BEGIN DATA EXTRACT
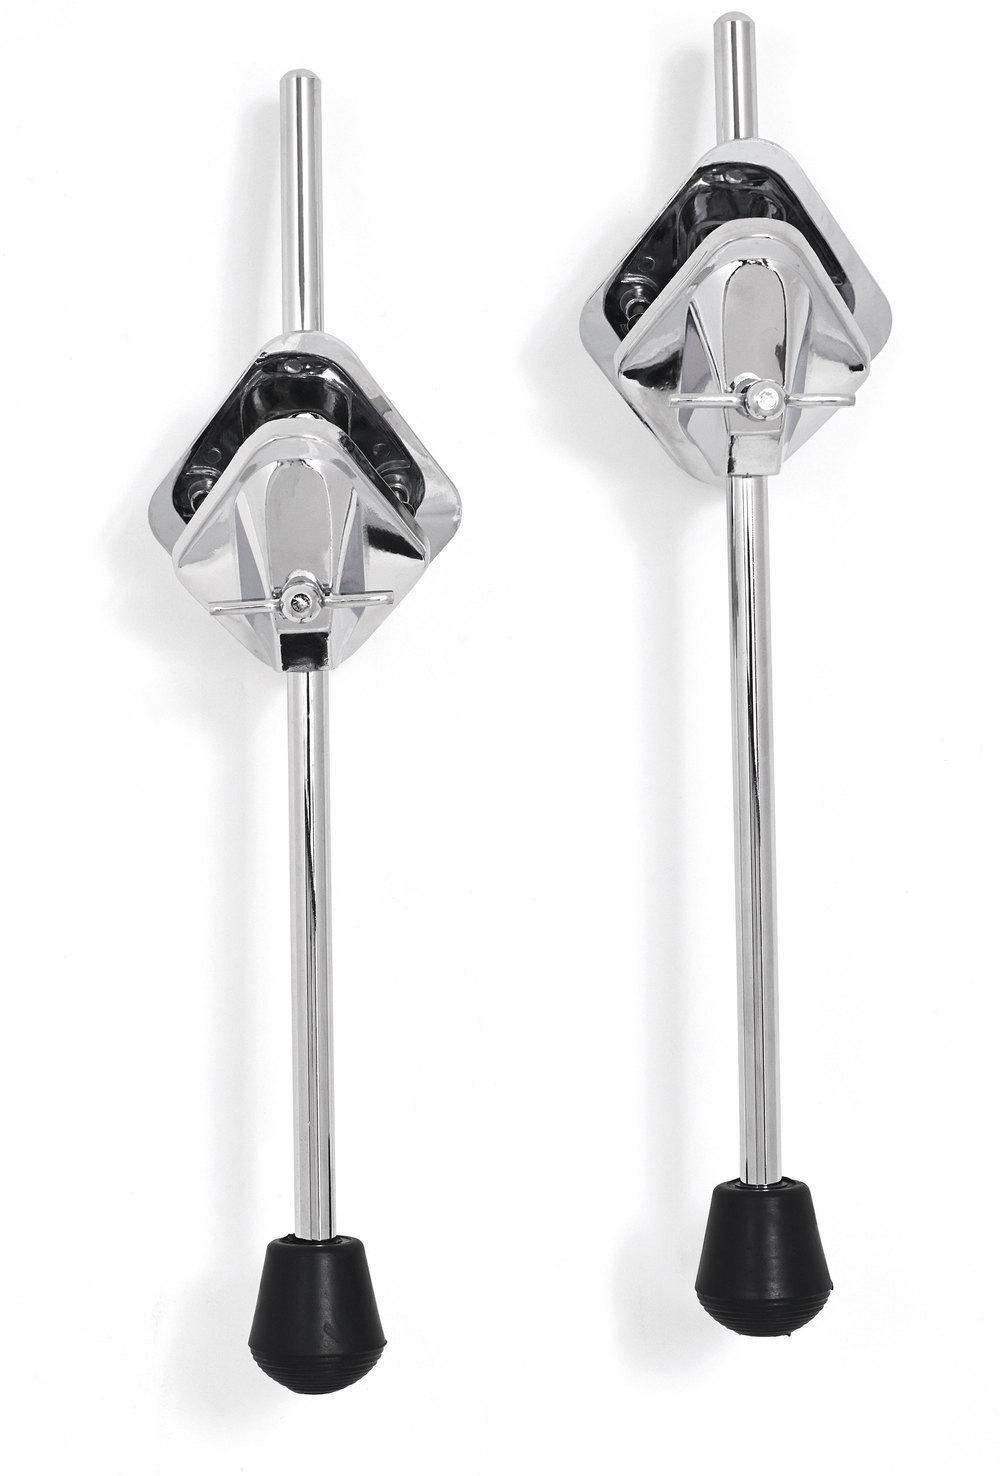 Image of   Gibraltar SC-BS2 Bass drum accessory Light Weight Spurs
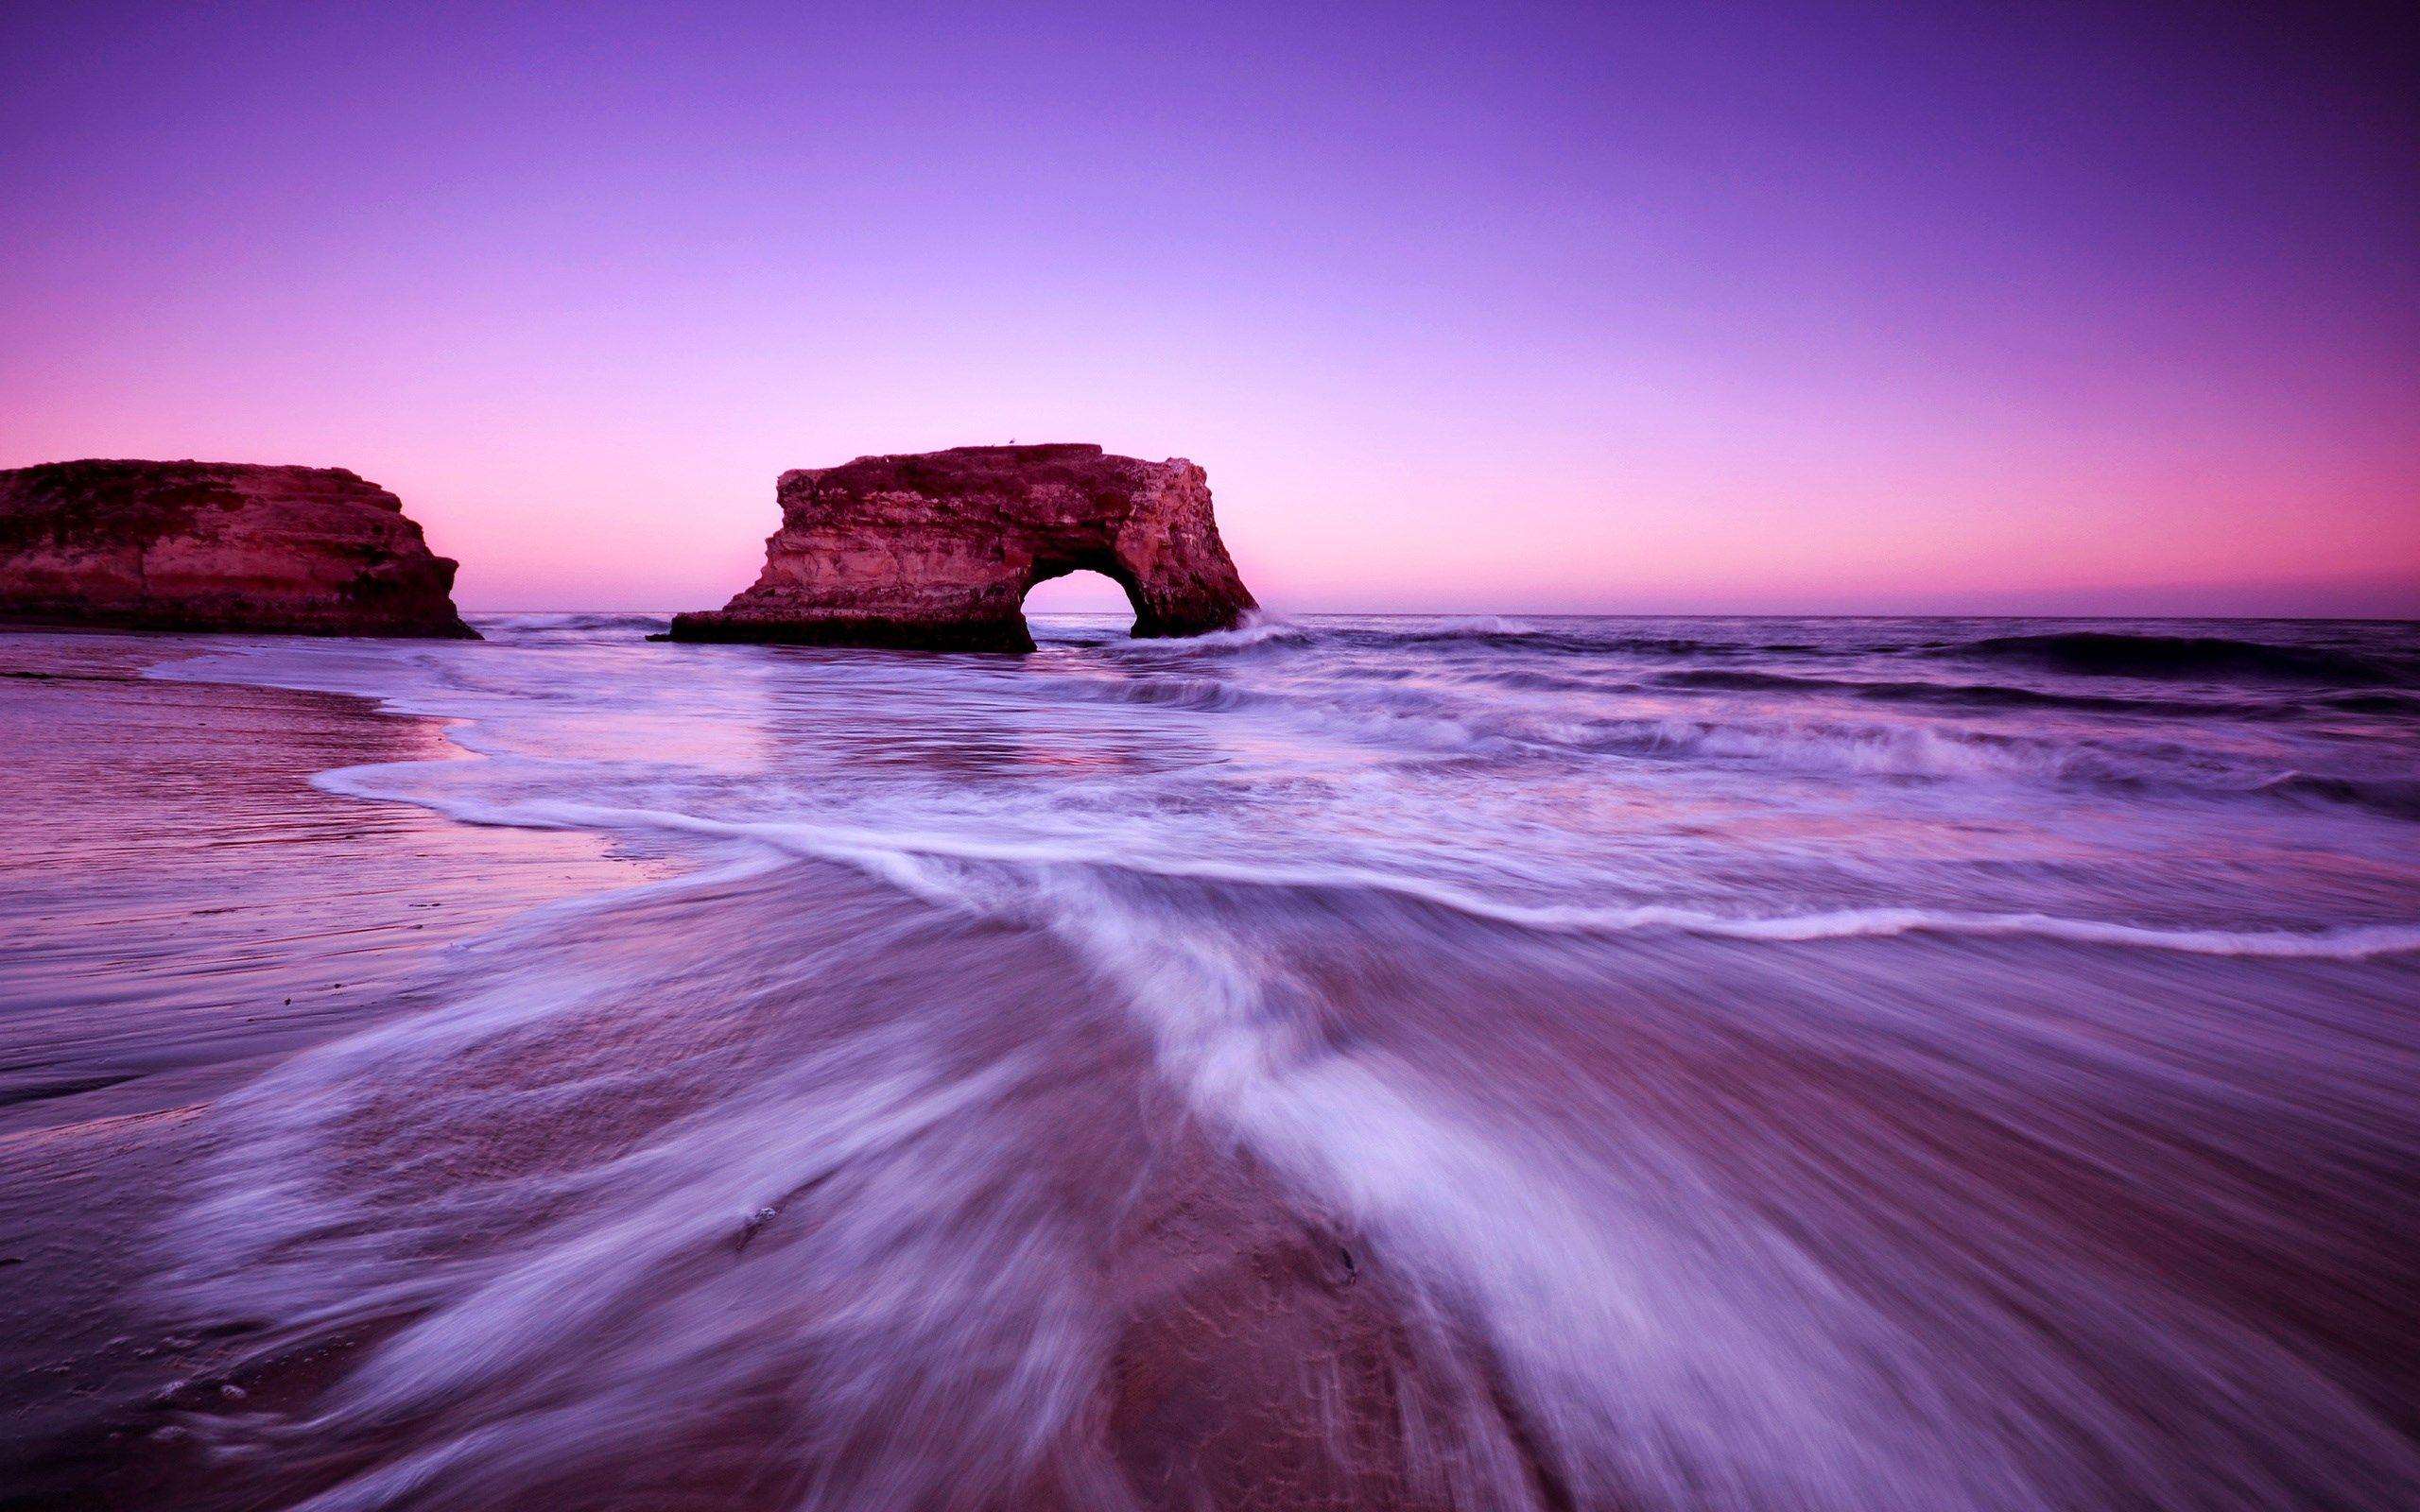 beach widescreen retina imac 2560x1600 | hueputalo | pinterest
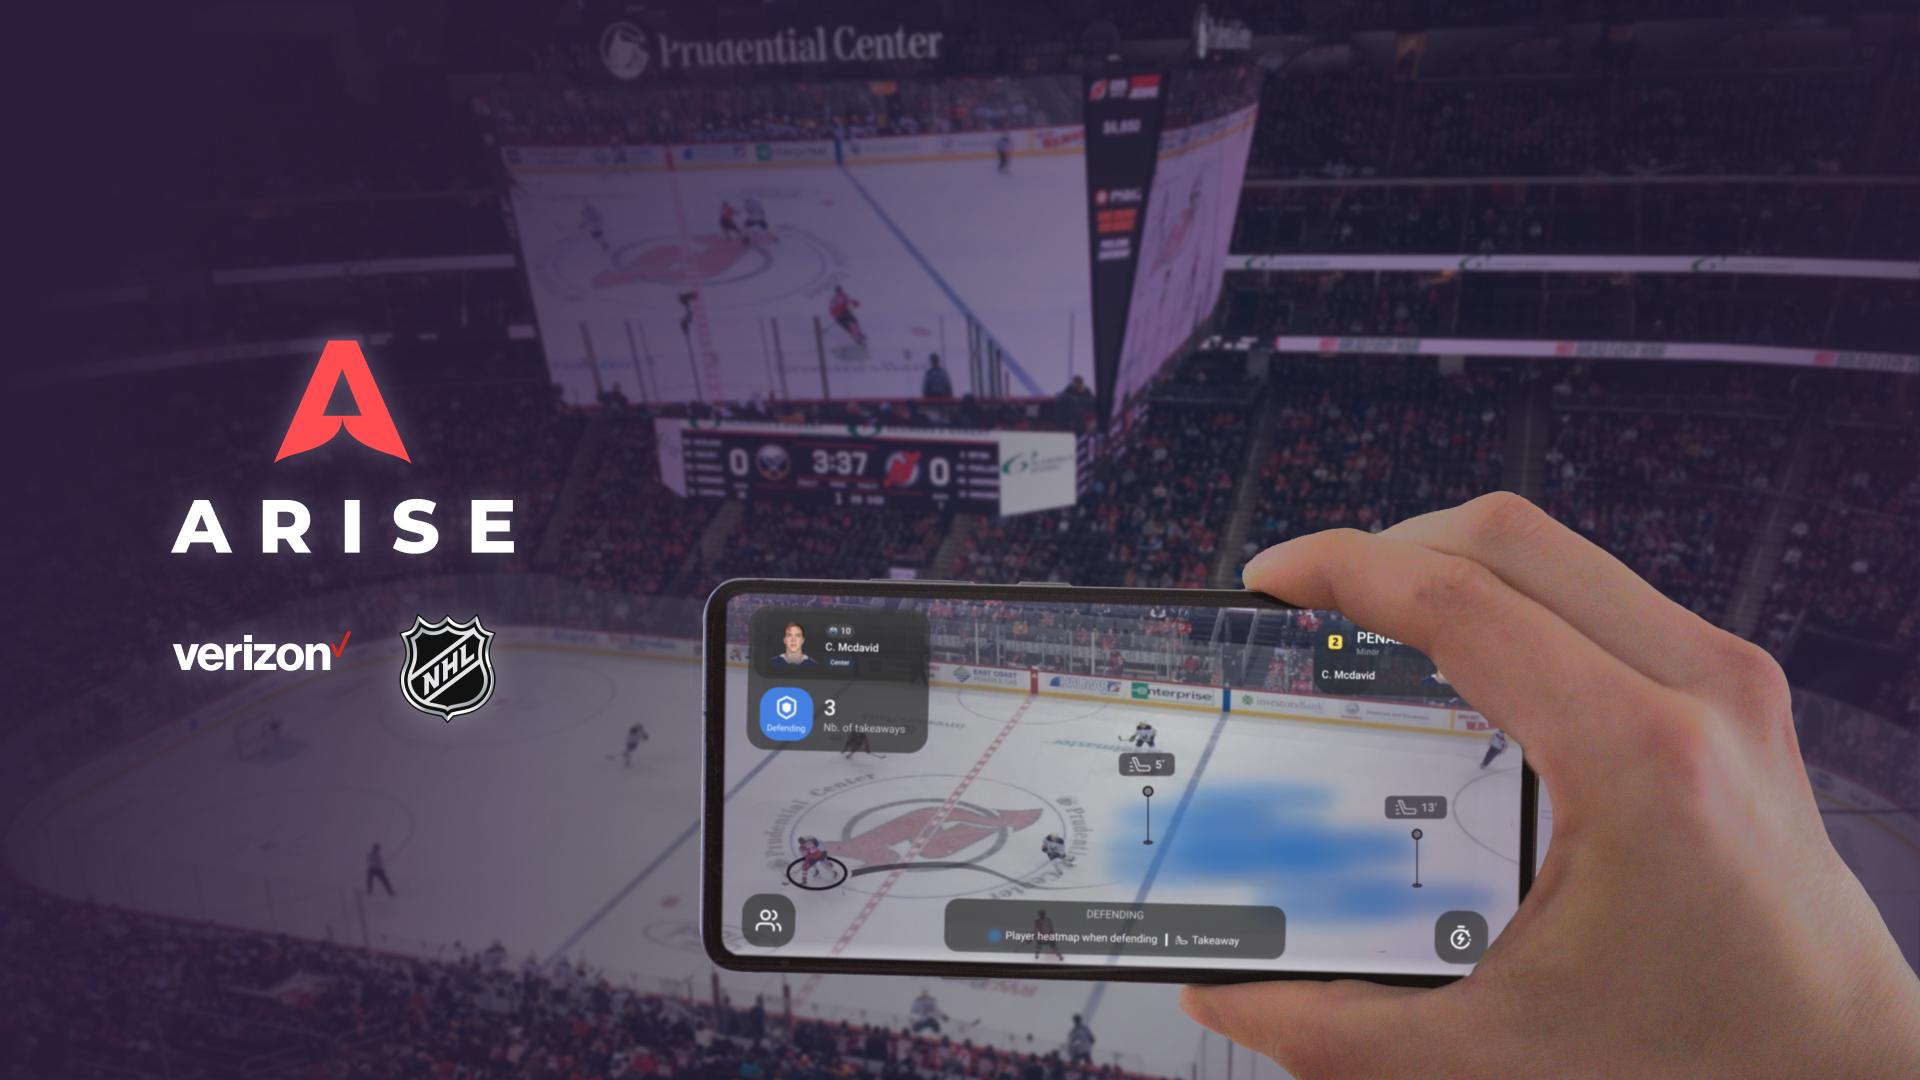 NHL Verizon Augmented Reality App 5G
END DATA EXTRACT
EXERCISE DESCRIPTION:
I would like the material above returned exactly as it stands, without its pictures.

SOLUTION BELOW:
 Image of   Gibraltar SC-BS2 Bass drum accessory Light Weight Spurs
 beach widescreen retina imac 2560x1600 | hueputalo | pinterest
 NHL Verizon Augmented Reality App 5G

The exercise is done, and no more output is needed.